It is necessary to have a reasonable data volume estimate to help size the server architecture. Architectures may well vary with the size of each indexed content item. Indexing web pages of a few kilobytes and a DMS server (Document Management System) with heavy PDFs is quite different.
For recommendation purpose, the following points can be considered:
- For 100,000 web pages, an average 10-GB back-end space is necessary to store the crawled pages and to generate the indexes.
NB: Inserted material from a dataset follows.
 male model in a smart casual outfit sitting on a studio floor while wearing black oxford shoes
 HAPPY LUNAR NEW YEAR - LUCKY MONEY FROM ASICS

And 1 GB is necessary at the front-end level to store the generated indexes and the snippets.
- For 100,000 structured items (of eCommerce catalog entry or database item type), an average 5 GB back-end space is used for indexing, and 500 Mb for the index front-ends.
- For logs, an average 1 Gb is necessary per layer of 5-million queries.
- A two-processor server of the latest generation makes it possible to index more than 1 million daily documents (according to the type and complexity of the applied processes).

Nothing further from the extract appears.